Backwards compatibility for models trained with v1: Due to the extensive refactoring inside the models and the model interface, models trained with v1 cannot be used for inference with the v2 model implementations. However, we include a models_v1 module with the old implementations and have integrated these with the v2 ForceFieldPredictor API, such that v1-trained models are still usable with mlip v2, for example, by loading a v1 zip like this for MACE:

from mlip.models_v1 import Mace as MaceV1
from mlip.models.model_io import load_model_from_zip

force_field = load_model_from_zip(
    MaceV1,
    "path/to/model_mace_v1.zip",
)

However, note that support for this is planned to be terminated eventually with upcoming mlip versions.

3. Loss and training

The API for the TrainingLoop remains mostly stable between v1 and v2. We discuss a subtle difference in the following. While when using the standard losses MSELoss or HuberLoss, the imports and code looks exactly the same in v2 compared to v1, under the hood, the Loss interface has changed: its __call__ method does not receive as arguments an reference graph and a model-generated Prediction anymore, but instead takes in two graphs, one for the reference and one for the prediction (output graph of ForceFieldPredictor). While this change is transparent to users utilizing the library’s built-in loss classes, those implementing custom losses must update their code to ensure compatibility.

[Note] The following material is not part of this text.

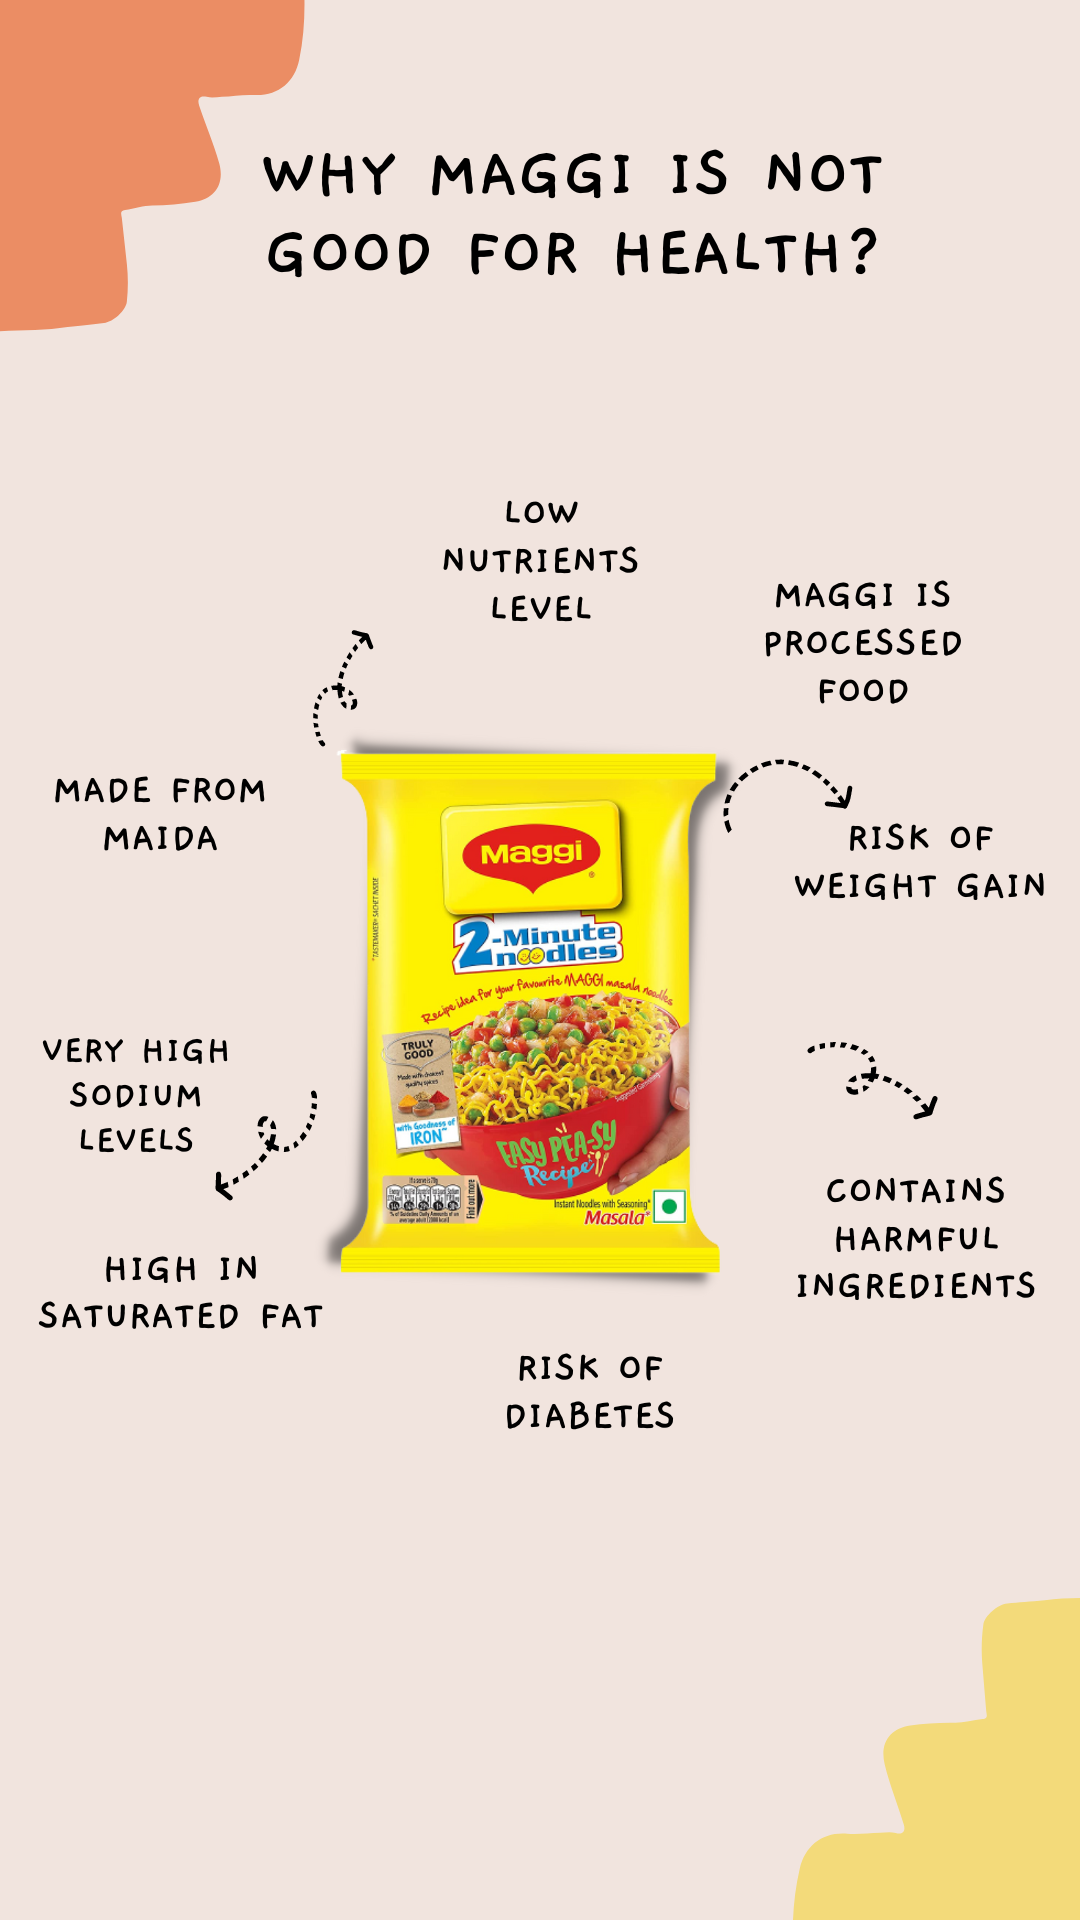 Reasons why maggi is not good for health

In v2, customizing your losses and adding new ones is made more convenient compared to v1, which is explained in the loss section of the training user guide.

4. Simulations

For running simulations with the JAX-MD or ASE backends, users should not expect any breaking API changes. However, note that implementation details might have changed, which can be relevant for advanced users who have implemented their own derived classes of our SimulationEngine.

New features

Below, please find a list of new features introduced with mlip v2 with either a brief explanation of how they can be used or a link to the relevant resource in this documentation.

  • The models MACE and NequIP are now powered by our open-source library for equivariant operations e3j, significantly accelerating their inference compared to mlip v1.

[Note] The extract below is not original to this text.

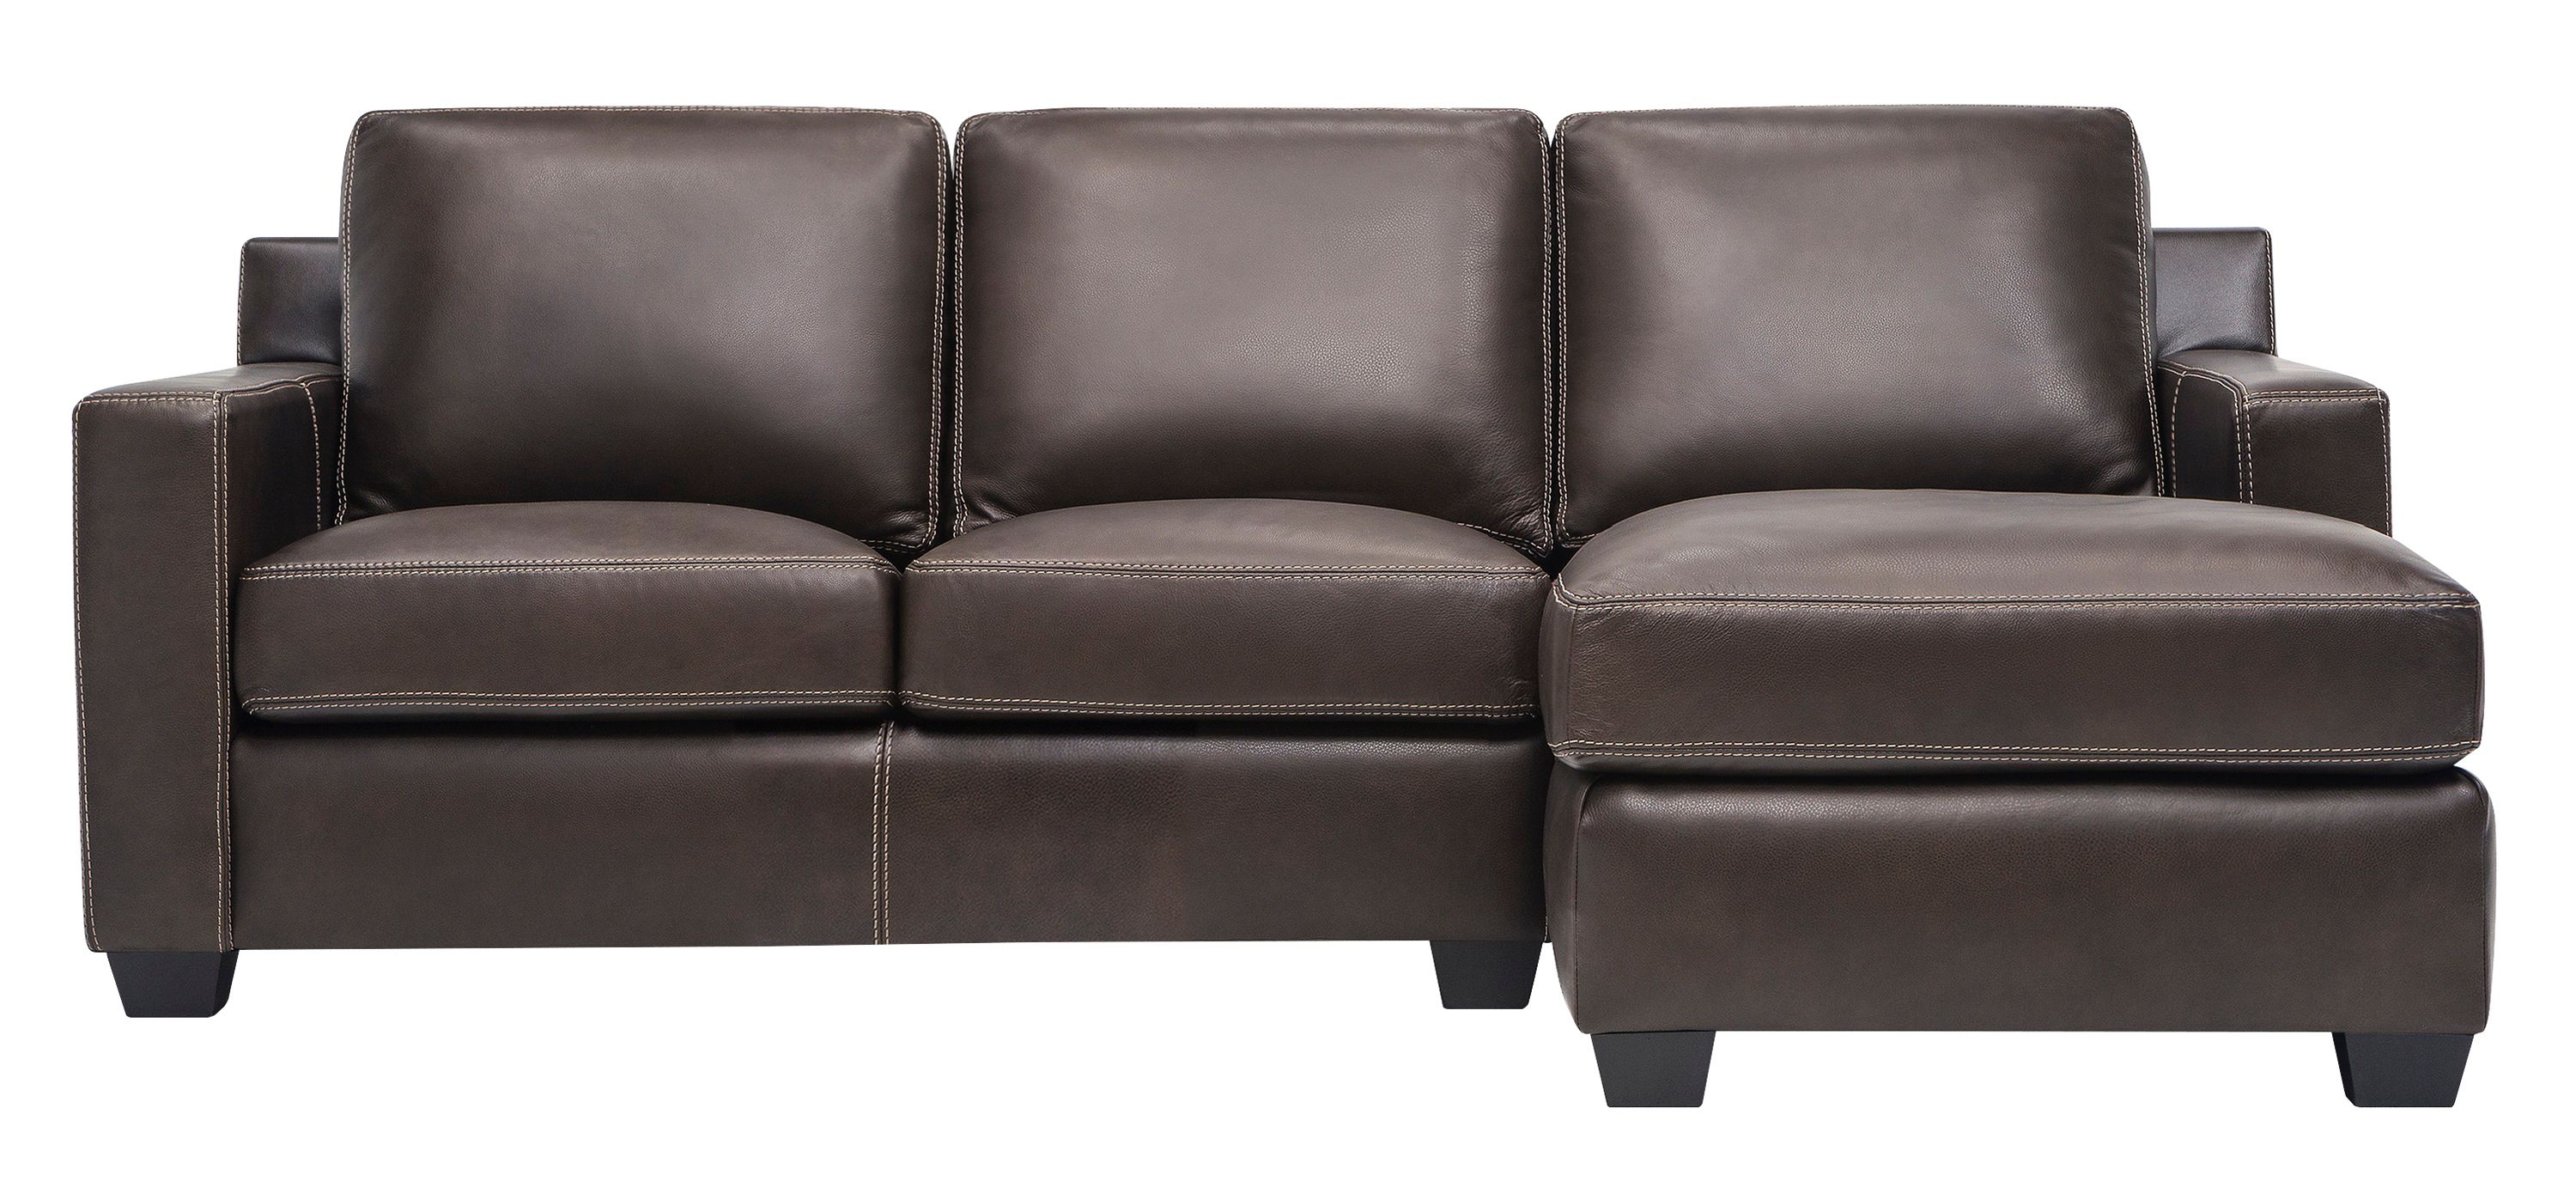 Anaheim Leather 2-pc. Sectional

  • The eSEN model architecture, see Esen. Optionally, with a Mixture-of-Experts (MoE) formalism, requested via the moe field in the EsenConfig. Details, especially regarding how to prepare an MoE model for efficient inference, can be found in the MoE training and inference tutorial notebook.

  • MACE now supports the use of Gaunt tensor products (GTP). GTP can be used as a replacement of Clebsch-Gordan tensor products in the message passing block by setting use_gaunt_tp_message_passing = True in the MaceConfig. They can also be used as a backend for the symmetric contraction block by setting symmetric_contraction_backend = "gaunt_tp". Note that our implementation uses a direct estimation of the integrals defining the GTP through spherical designs.

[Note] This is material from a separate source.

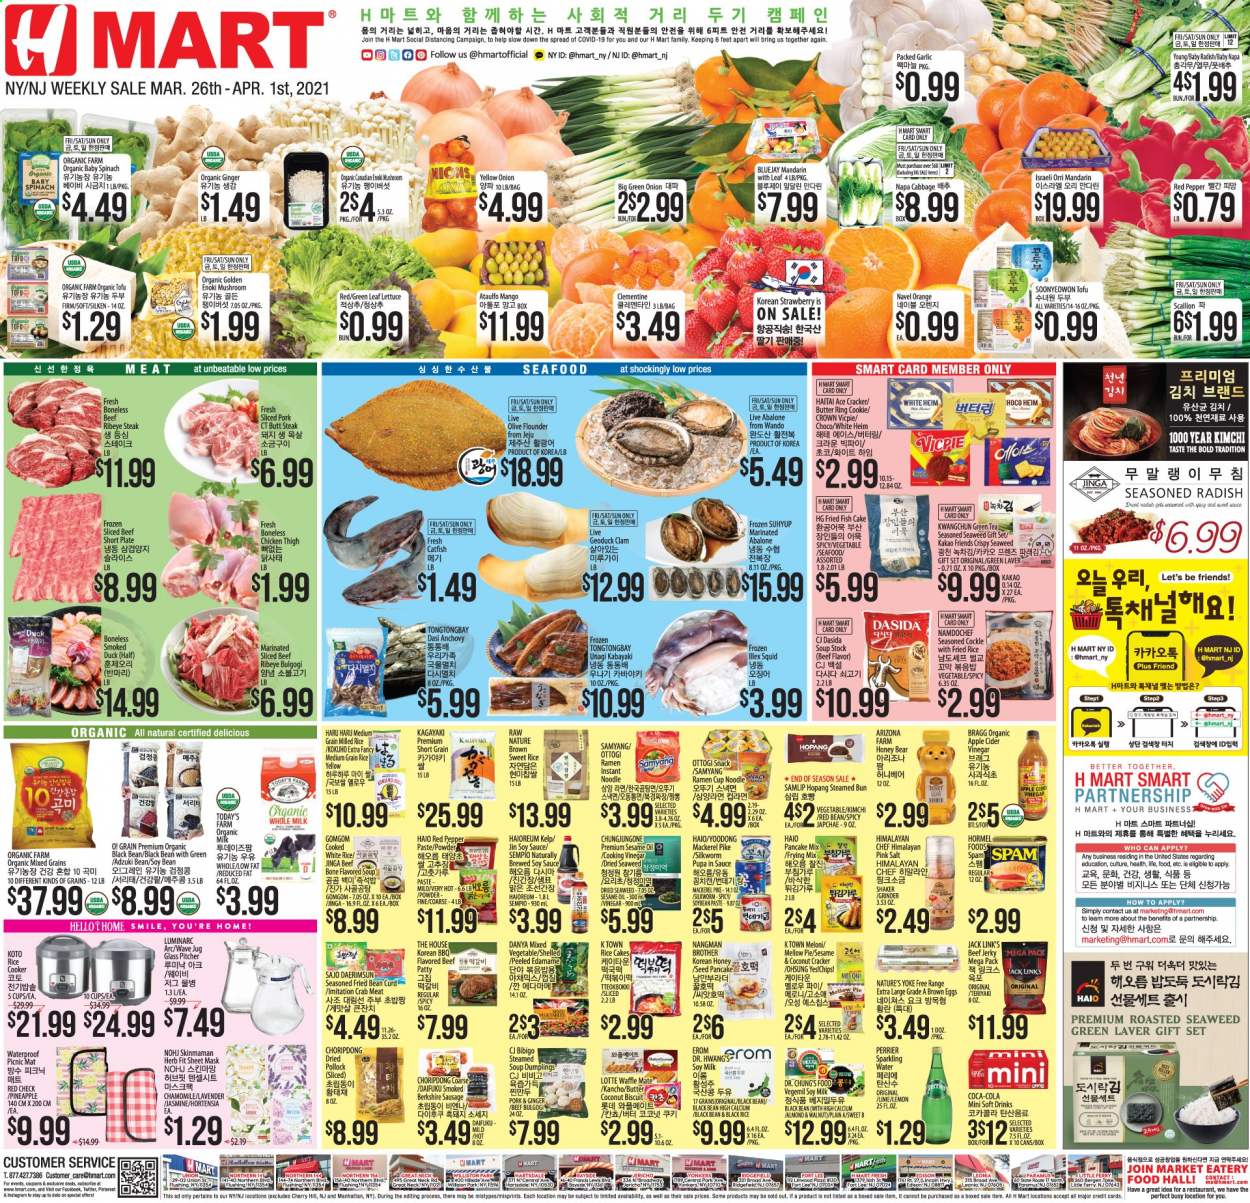 thumbnail - Hmart Flyer - 03/26/2021 - 04/01/2021 - Sales products - mushrooms, Edamame, lettuce, cake, pancakes, cabbage, chayote, catfish, clams, crab meat, flounder, squid, seafood, crab, fish, fried fish, ramen, steamed bun, soup, Hormel, jerky, Spam, butter, mango, spinach, fish cake, biscuit, seaweed, salt, garlic, mandarines, rice, herbs, vinegar, Coca-Cola, soft drink, AriZona, Perrier, sparkling water, beef meat, beef steak, steak, ribeye steak, gift set, plate, radishes, onion, green onion. Page 1.

  • For all architectures: global charge conditioning, partial charge predictions, and long-range interactions via a PhysNet-inspired Coulomb term. These features are available in each model config, e.g., see VisnetConfig (fields: use_total_charge_embedding, predict_partial_charges, and use_coulomb_term). Note that at inference time, partial charges must be requested via the required_properties argument upon force field initialization.

  • Transition state search with the NEBSimulationEngine, see here for its documentation.

  • NPT ensemble MD simulations, requested via the new md_integrator field of the SimulationConfig. It is implemented for both the JAX-MD and ASE backends. See our tutorial notebook on advanced simulation for an in-depth introduction.

  • Training on Hessian labels and prediction Hessians at inference, see the Hessian tutorial notebook and this section of the documentation for more information.

  • Multi-head fine-tuning, see this dedicated user guide for more information.

In addition to these essential new features, there are many small feature additions to the code base in mlip v2 that we believe will improve the overall user experience. We encourage everyone to check out the relevant guides and API reference for the functionalities they are using to familiarize themselves with the updated library.